Andreas Heß // TestDisk
First, a warning! If you have a Mac and think about partitioning a hard drive, be warned that it is not possible to have HFS- and non-HFS partitions on the same disk! The reason is that HFS writes some information on the sectors of the hard drive where the partition table is usually located. There is a warning in the small print in the Mac help. But: If you have a disk that is already partitioned, say, with three FAT32 partitions, you can select one of them in the disk utility and try to format it with HFS. The disk utility will allow this without any warning! However, it will fail soon with an error message, but then it is already too late: The partition table has been destroyed, and you cannot mount any partition on that drive any more.

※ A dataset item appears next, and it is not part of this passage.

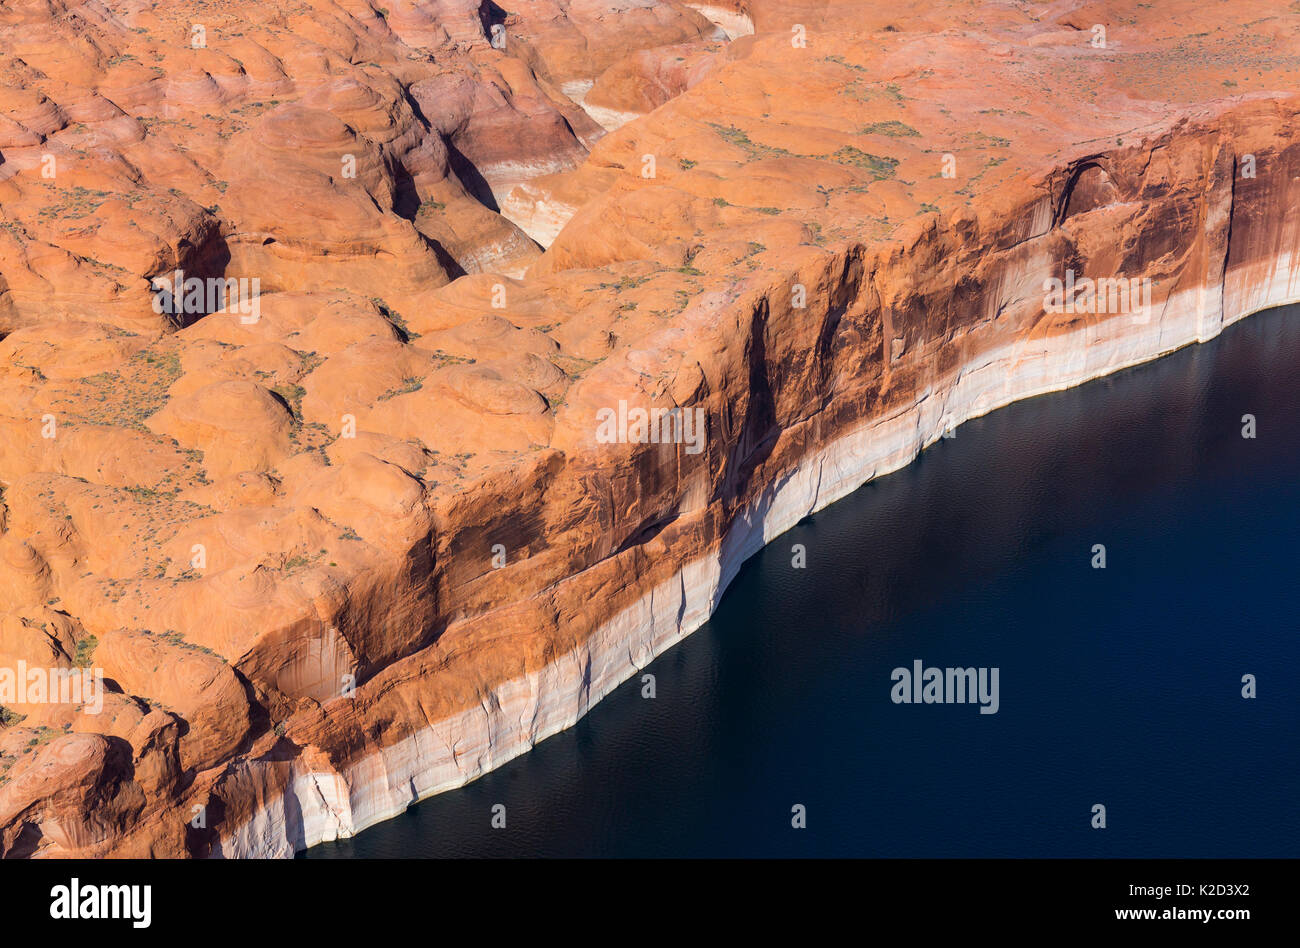 Vue aérienne de falaises au bord du lac Powell, près de Page, Arizona, sur la frontière de l'Utah, USA, février 2015. Le lac Powell est un réservoir sur la rivière Colorado, et est le deuxième plus grand lac artificiel des Etats-Unis. Banque D'Images
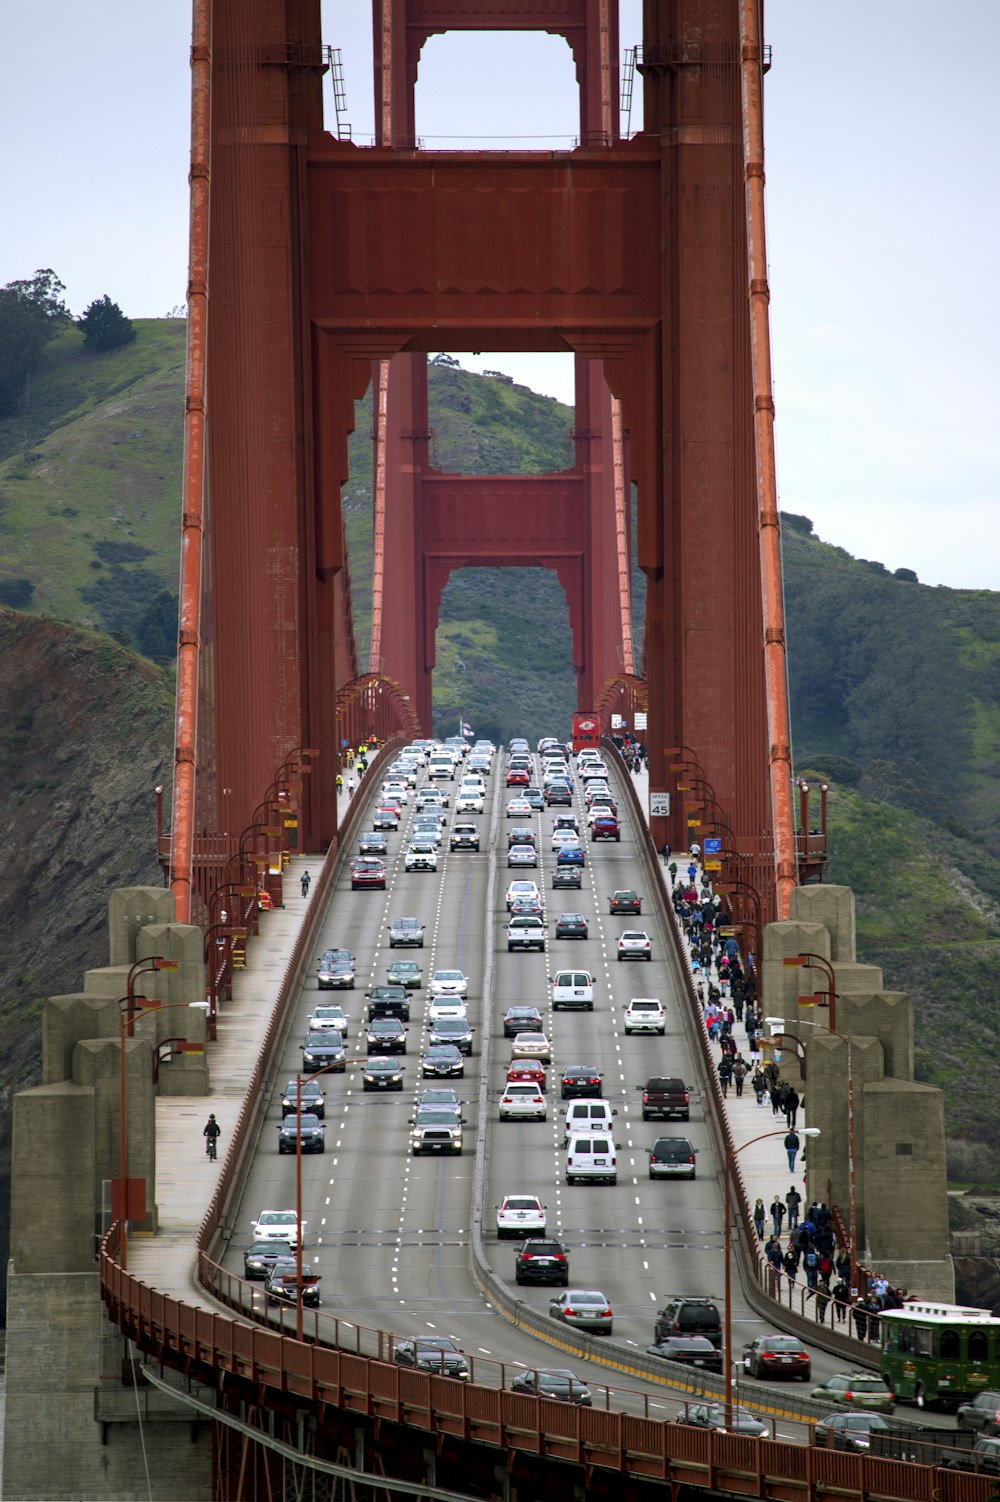 cars on bridge during daytime

But there is help. While the partition table is gone now, the actual data on the drive is not. The solution is a tool called TestDisk. TestDisk scans the drive sector by sector for partitions (this may take a while) and allows to recreate the partition table. I can only recommend this tool, it saved my drive once as I tried the above...
The author of TestDisk, Christophe Grenier, pointed out that, unlike earlier versions, TestDisk now also runs on Mac OS X itself. (Before, it was necessary to run TestDisk on another platform.) Furthermore, it now supports HFS and HFS+ partitions, in case you do it the other way around and loose a Mac OS X rather than a FAT partition. Once TestDisk has found the partitions, you will have to use pdisk to rewrite the partition map.
Samuel Luescher told me he used Data Rescue X and did a raw scan of the disk (Preferences - [X] Ignore Partitioning) to successfully restore the file catalog of his defective HFS partition.